The Department of Agriculture (abbreviated as DA; ) is the executive department of the Philippine government responsible for the promotion of agricultural and fisheries development and growth. It has its headquarters at Elliptical Road corner Visayas Avenue, Diliman, Quezon City.

The department is currently led by the secretary of agriculture, nominated by the president of the Philippines and confirmed by the Commission on Appointments. The secretary is a member of the Cabinet. The current secretary is Bongbong Marcos, who assumed office on June 30, 2022 in concurrent capacity as President.

History
The Department of Agriculture had its spiritual beginnings when President Emilio Aguinaldo of the Revolutionary Government of the Philippines established the Department of Agriculture and Manufacturing on June 23, 1898. Jose Alejandrino was appointed the first secretary.

American colonial government
In 1901, under the American colonial government, priority was given to the development of other agricultural products, such as rice and other basic commodities, as well as fishing, forestry, and mining.

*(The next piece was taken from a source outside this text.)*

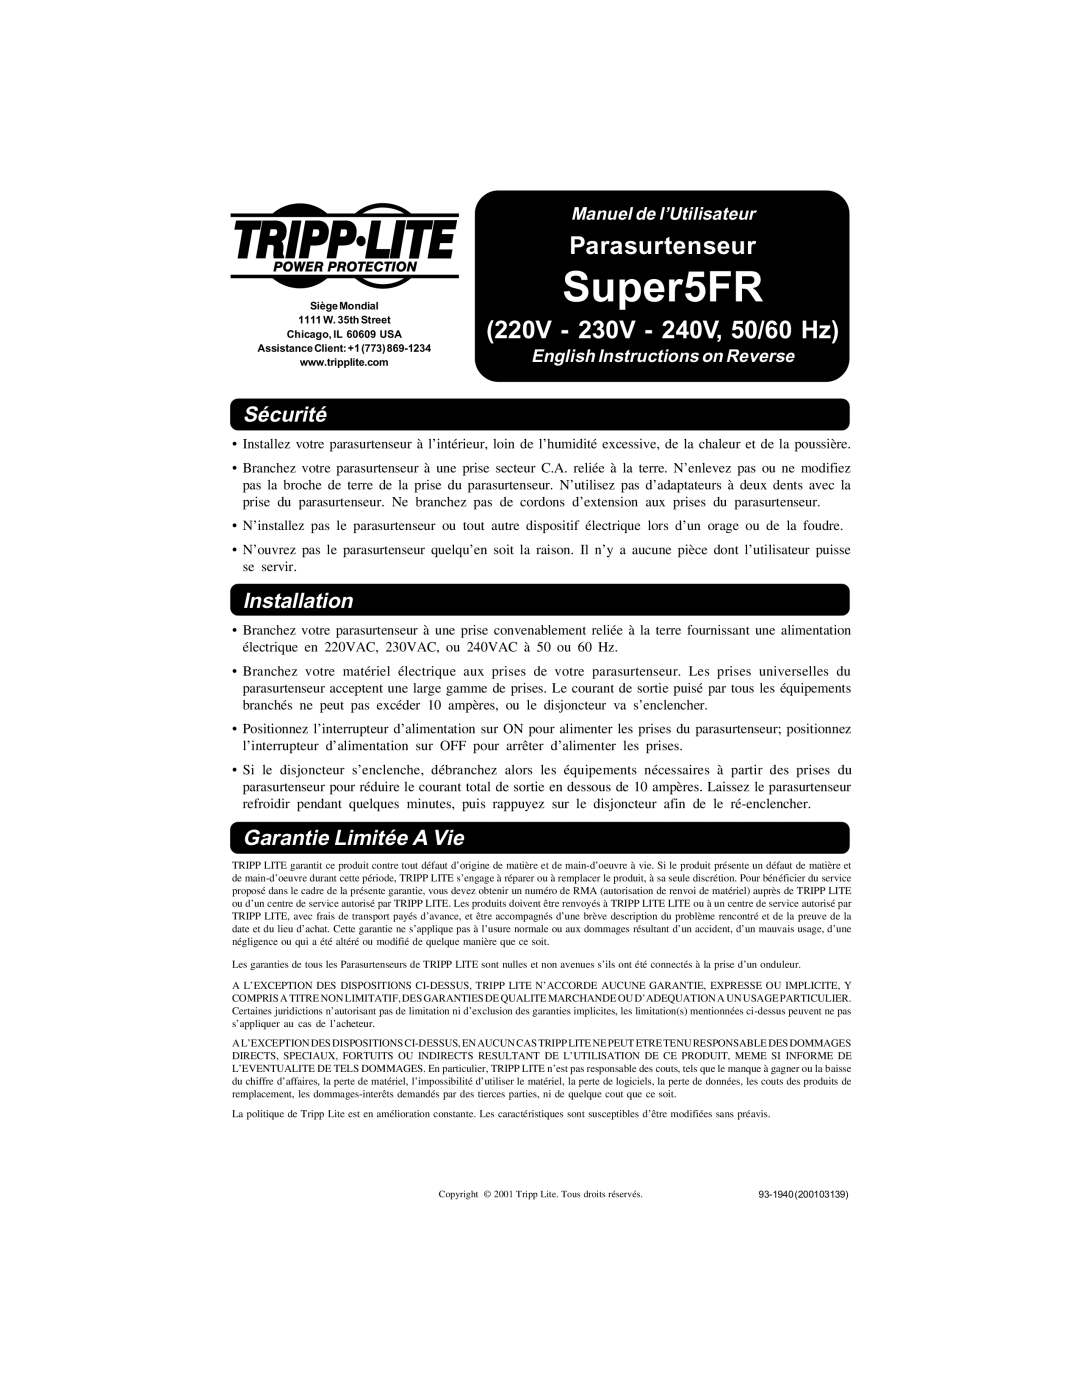 Tripp Lite Super5FR owner manual Parasurtenseur, Sécurité, Garantie Limitée A Vie, Manuel de l’Utilisateur, Installation 
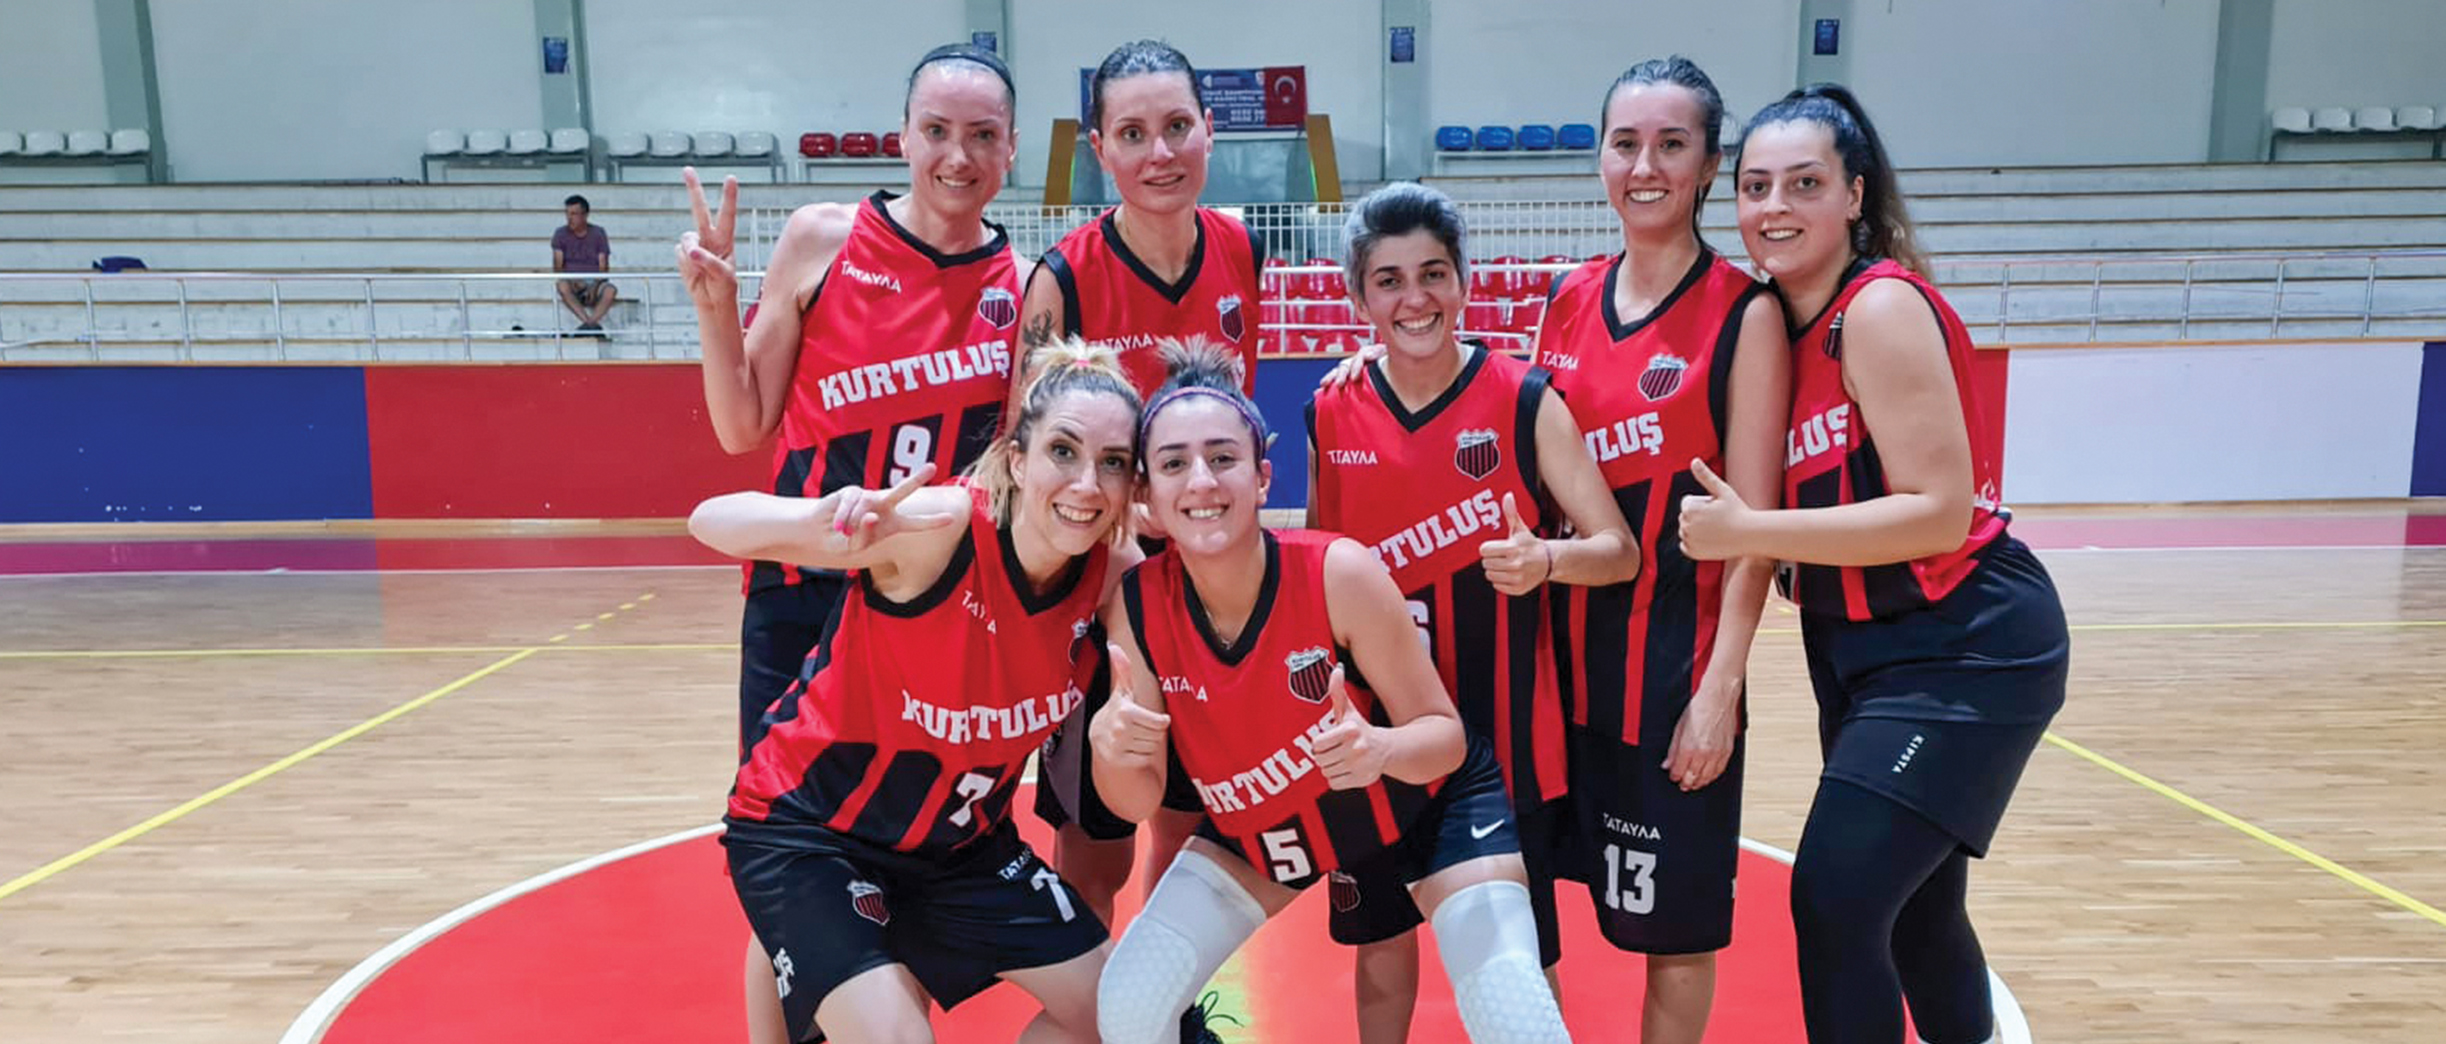 Kadın Basketbol Takımı, Kurtuluş Spor Kulübü’ne bir kupa daha kazandırdı

This new focus necessitated the establishment of the Insular Bureau of Agriculture. This bureau was put under the Department of the Interior through Act No. 271 of the Philippine Legislature, and was later put under the supervision of the Department of Public Instruction in 1910.

The first Filipino to head the Bureau of Agriculture was Adriano Hernández, himself a practicing farmer.

The Bureau of Agriculture grew rapidly until it was abolished by the enactment of Act No. 2666, otherwise known as An Act to Re-organize the Executive Department of the Government of the Philippine Islands, on November 18, 1916, and was implemented on January 1, 1917. This act provided for the establishment of the Department of Agriculture and Natural Resources (DANR), which would take over direct executive control, direction, and supervision of the Bureaus of Agriculture, Forestry, Lands, Science, and Weather, as well as all matters concerning hunting, fisheries, sponges and other sea products, and such others as may be assigned to it by law.

By virtue of another reorganization (as per Act No. 4007) in 1932, the DANR became the Department of Agriculture and Commerce. The Bureau of Commerce, which used to be under the Department of Commerce and Communication, was placed under the reorganized department.

In 1942, while the Commonwealth government was in exile, the department was re-organized again, becoming the Department of Finance, Agriculture and Commerce. Upon the resumption of the commonwealth in February 1945, it became the Department of Justice, Agriculture and Commerce, and then back to being the Department of Agriculture and Commerce in December the same year.

Post-independence
In 1947, the agriculture department was renamed again as the Department of Agriculture and Natural Resources by virtue of Executive Order No. 94. The Bureau of Commerce, among others, was incorporated to the newly created Department of Commerce and Industry.

On September 14, 1959, the DANR moved to its current building in Diliman, Quezon City from the Agrifina Circle (now the Teodoro Valencia Circle) in Manila.

By virtue of Presidential Decree No. 461, the DANR was split in May 1974 into two departments: the Department of Agriculture and the Department of Natural Resources (now the DENR).

After the shift to the parliamentary system in 1978, all departments were changed to ministries. Thus, the office became the Ministry of Agriculture and Food until 1987, when the office’s name was reverted to the Department of Agriculture by Executive Order No. 116.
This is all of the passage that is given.